4. Whether the child is fully or partially clothed, or nude.
5. Whether the visual depiction suggests sexual coyness or a willingness to engage in sexual activity.
6. Whether the visual depiction is intended or designed to elicit a sexual response in the viewer.

==Case law==

Concerning the lascivious display of clothed genitalia, the U.S. Department of Justice described use of the Dost test in child pornography and 2257 documentation regulations in a 2008 rule, writing that the precedent United States v. Knox, 32 F.3d 733 (3d Cir. 1994) did not prohibit ordinary swim team or underwear model photographs, but "although the genitals were clothed in that case, they were covered by thin, opaque clothing with an obvious purpose to draw attention to them, were displayed by models who spread or extended their legs to make the pubic and genital region entirely visible to the viewer, and were displayed by models who danced or gyrated in a way indicative of adult sexual relations".

The Fifth Circuit of the United States departed from Dost with respect to the intent of the Defendant, concluding well that a given photo may constitute child pornography even if the photographer clearly had only asexual intent, and that likewise a photo of a child in a winter coat was not child pornography, even if a pedophile was sexually stimulated by the latter.

"Lascivious" can describe a multitude of elements including the child's partial or complete nudity or the focus of the image (as held in United States v. Kemmerling), the child's act (as held in Ferber), the filmmaker's intent, or the viewer's reaction (as held in Knox). In United States v. Horn, the Eighth Circuit held that even if the child is acting innocently, the images can be lascivious if they are intended to be sexual. In that case, videos had been taken of nude girls "freeze-framed at moments when their pubic areas are most exposed, as, for instance, when they are doing cartwheels; and these areas are at the center of the image and form the focus of the depiction." In Johnson, the court noted that "statements made by the producer about the images are relevant in determining whether the images were intended to elicit a sexual response in the viewer."

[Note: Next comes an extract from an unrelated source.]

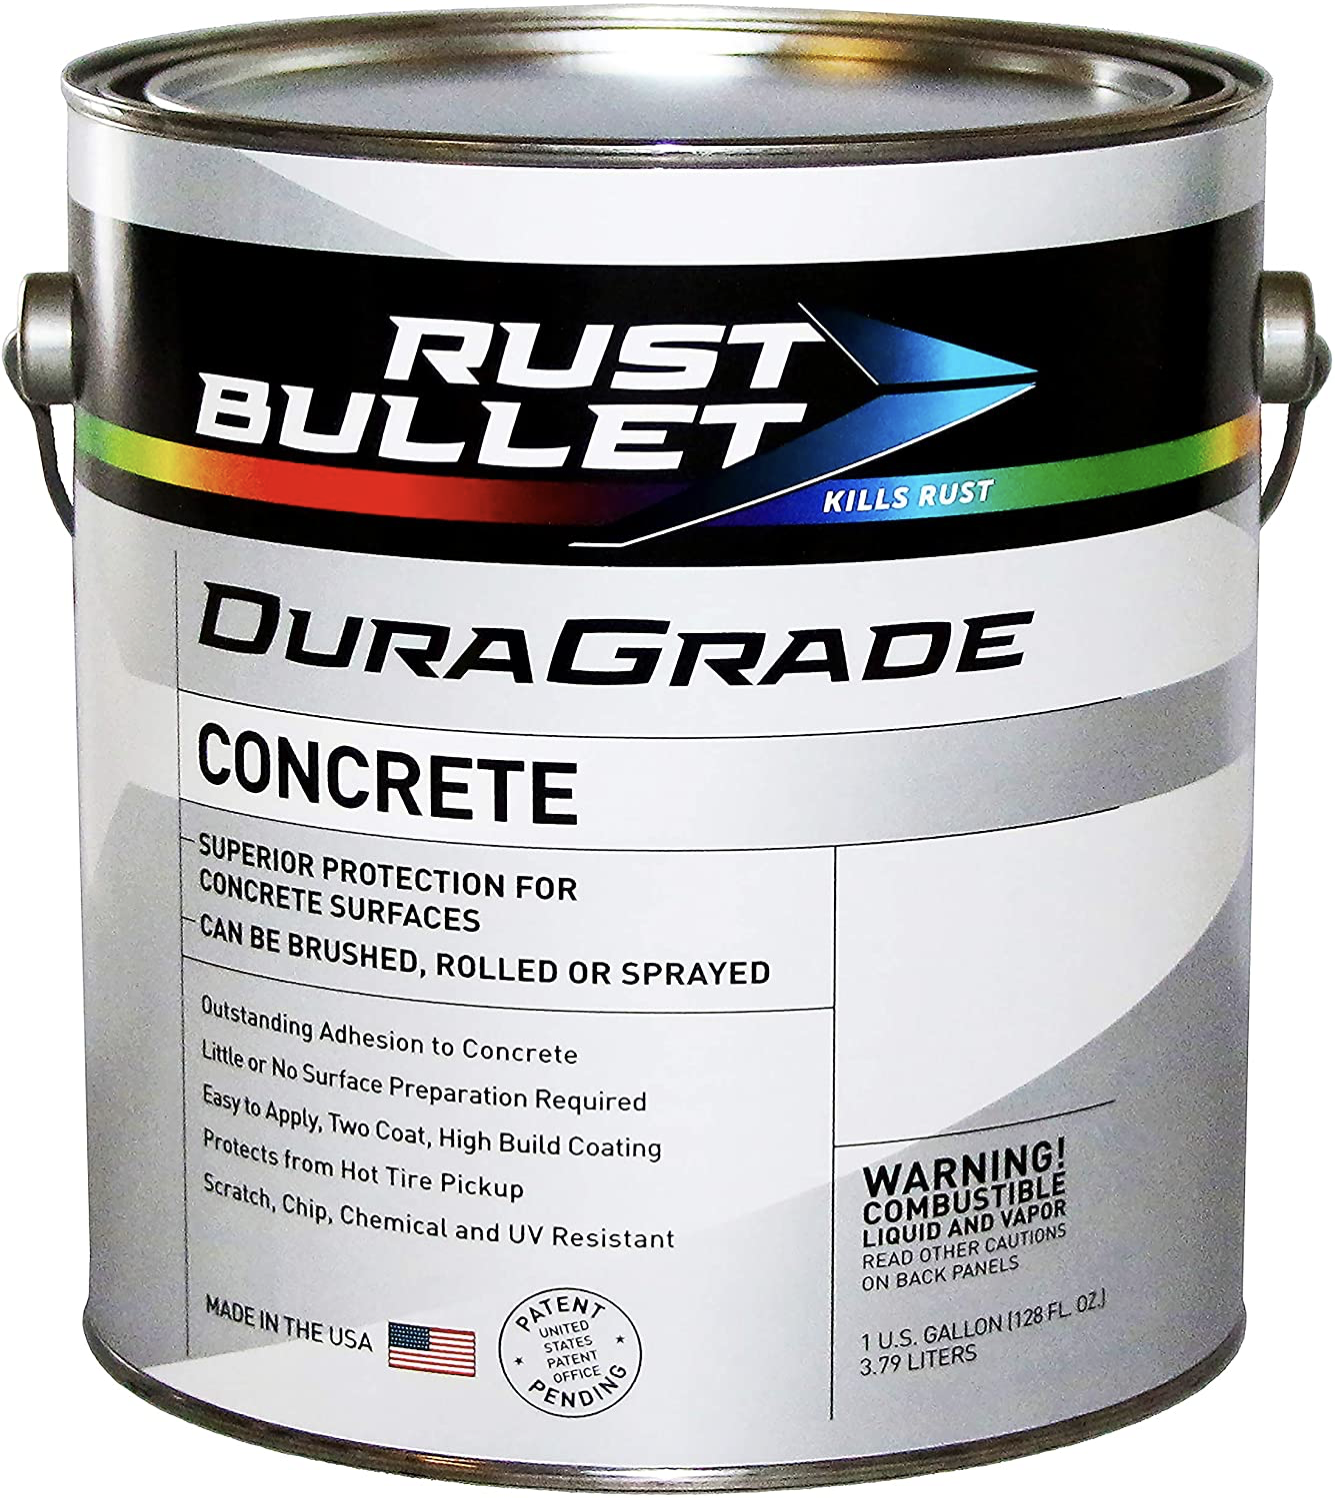 Rust Bullet DuraGrade Concrete Concrete Coating

== Relation to other elements of US child pornography law ==
Miller v. California sets the precedent as to what may constitute illegal obscenity generally under US law. Dost only focused on the prong of the Miller test that deals specifically with appealing to the prurient interest. The other two prongs of the Miller test are whether or not the material violates contemporary community standards and whether or not the material in question has serious artistic, literary, or political value.

However, because obscenity and child pornography are two distinct categories of speech, and child pornography is not required to be obscene, any relation to the Miller standard as applied to virtual/fictional child pornography is immaterial, as explained by Ashcroft v. Free Speech Coalition and United States v. Williams (2008).

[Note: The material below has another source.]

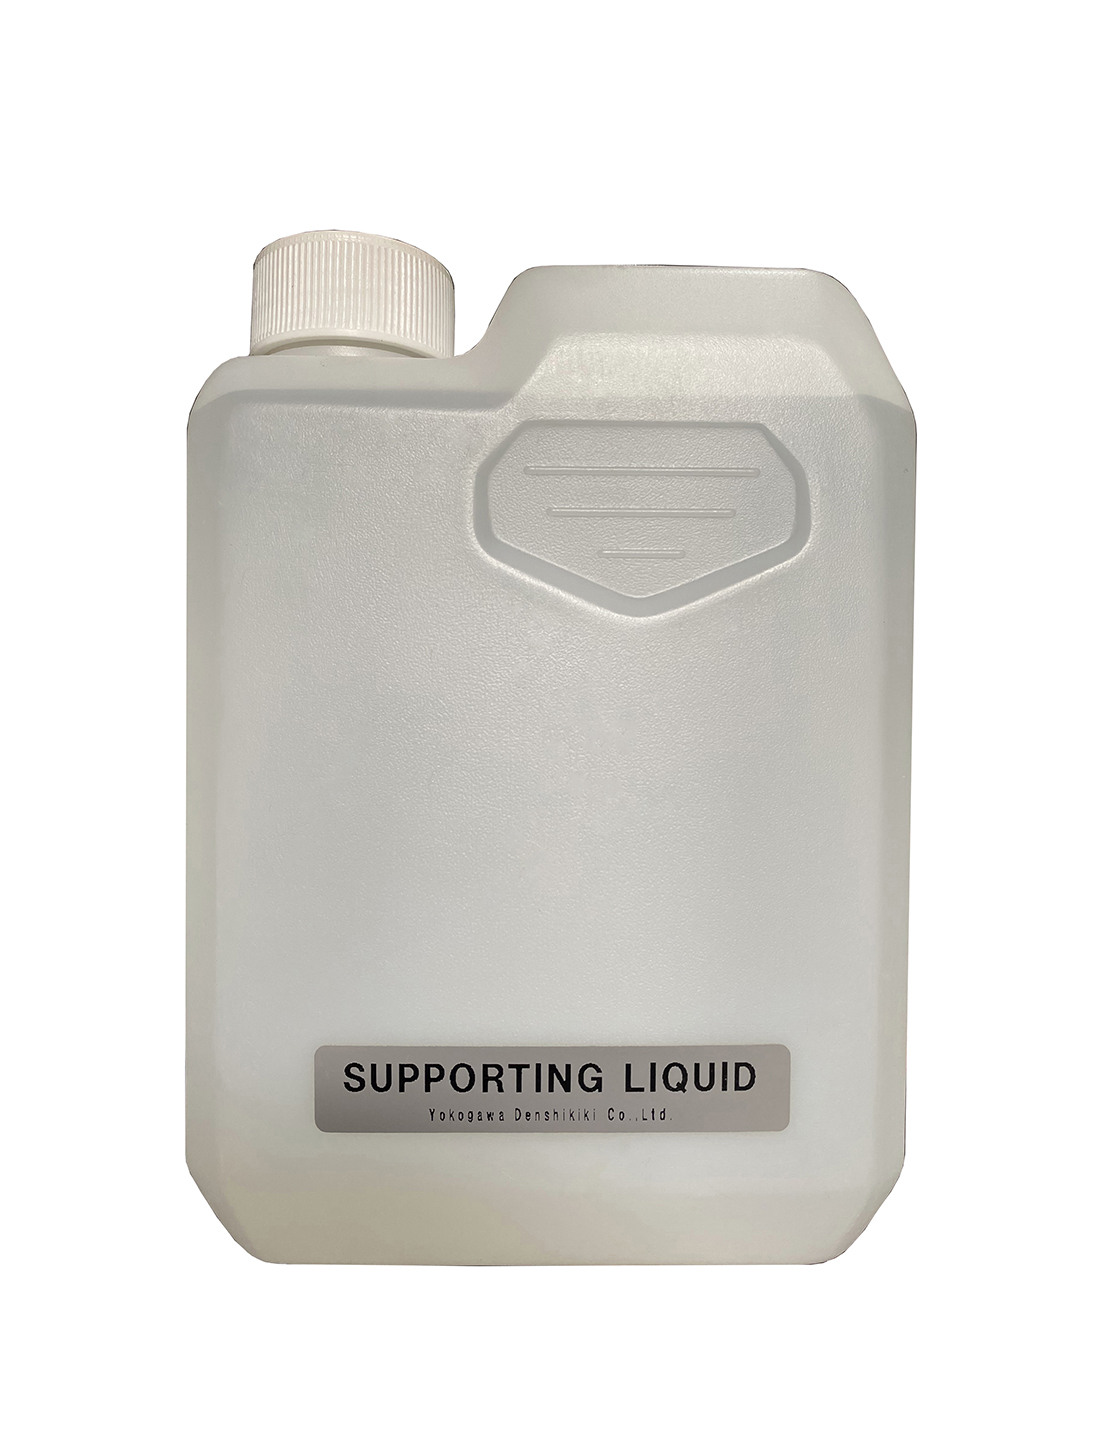 Yokogawa-supporting-liquid

On appeal of a court's determination that a depiction is lascivious, a de novo review is required, due to the First Amendment rights implicated.

==Criticism==

The test was criticized by NYU Law professor Amy Adler as forcing members of the public to look at pictures of children as a pedophile would in order to determine whether they are considered inappropriate. "As everything becomes child pornography in the eyes of the law—clothed children, coy children, children in settings where children are found—perhaps children themselves become pornographic".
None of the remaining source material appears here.